3DGence announced a high-temperature dissolvable support material.
Support material is the bane of 3D printing, as it is a necessary evil to successfully 3D print many types of geometries. To use it you must consume more material, and add to your post-processing time, sometimes considerably.
One important development over the past two years has been the emergence of widespread use of soluble support material. This support material does not have to be manually picked off the print, which sometimes can damage delicate structures if support is attached.
Instead the raw 3D print is dunked in a liquid, usually water but sometimes other solvents, and the support material passively dissolves without human intervention. Sometimes there are specialized devices that circulate heated liquids to increase the speed of dissolving. But in any case, the 3D printer operator is free to do other work instead of spending potentially hours picking off solid support structures.
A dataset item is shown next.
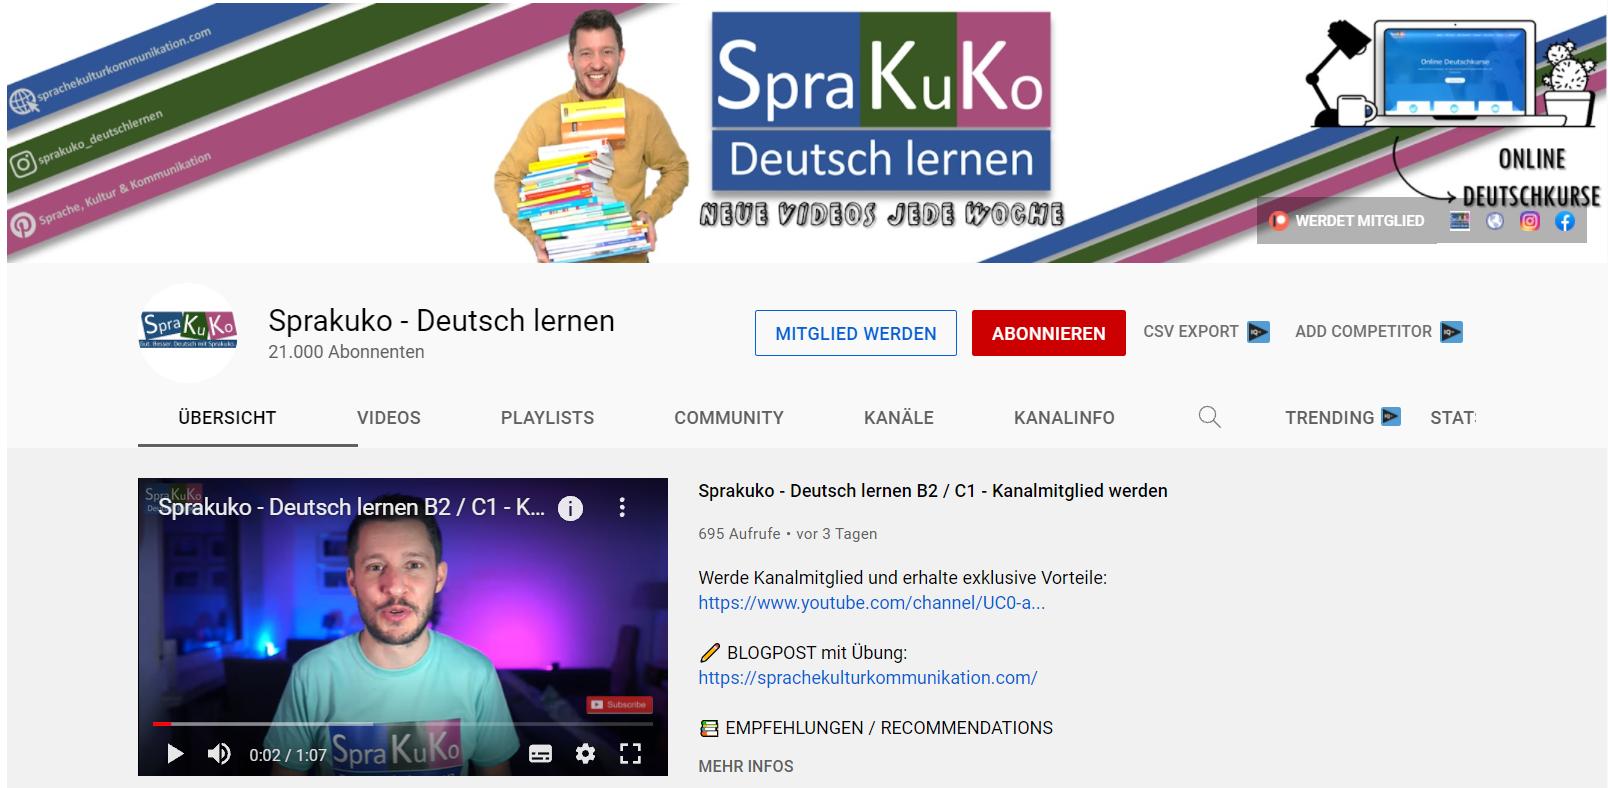 Mit Youtube Deutsch lernen  - Sprakuko

The most commonly used support material today is PVA, or polyvinyl alcohol. This material has revolutionized many 3D printing workshops through its ability to simplify operational workflows. It’s now commonly used in many professional dual-extruder 3D printing systems.
However, there’s a huge problem with this material: it has a glass transition temperature of 85C.
This is a big problem if you happen to be 3D printing high-temperature materials in a heated chamber that might be, say, 100C. If that’s the case and you were using PVA as your support material, you’d likely find the PVA drooping significantly and not really supporting anything.
Thus printing high-temperature materials can be a problem unless you have a support material that has a much higher glass transition point. And that’s just what Poland-based 3DGence announced.
Their new ESM-10 dissolvable support material is specifically designed for use in high-temperature environments. They say it can ensure the stability of prints “in a heated chamber above 80C”.
ESM-10 is best used in conjunction with 3DGence’s Support Dissolving System, a dedicated device that includes a circulating heated water reservoir. 3DGences explains that you must use a specific chemical solvent mixed with the circulating water to make the ESM-10 dissolve. However, they also say:
“The chemical solution together with the dissolved ESM-10 material can be safely discharged into the sewage system after rinsing.”
So it’s not just plain water used as the solvent here, as is done with PVA. However, that slight complexity is the price to obtain high-temperature dissolvable support material.
3DGence also says:
”ESM-10 does not recrystallize, which may cause dissolution of the material or failure of the hotends.”
This is interesting, as some materials tend to degrade, particularly PVA. This may not be the case with ESM-10, if I’m reading that correctly.
For those using high-temperature materials like PEEK, this material could be of great value.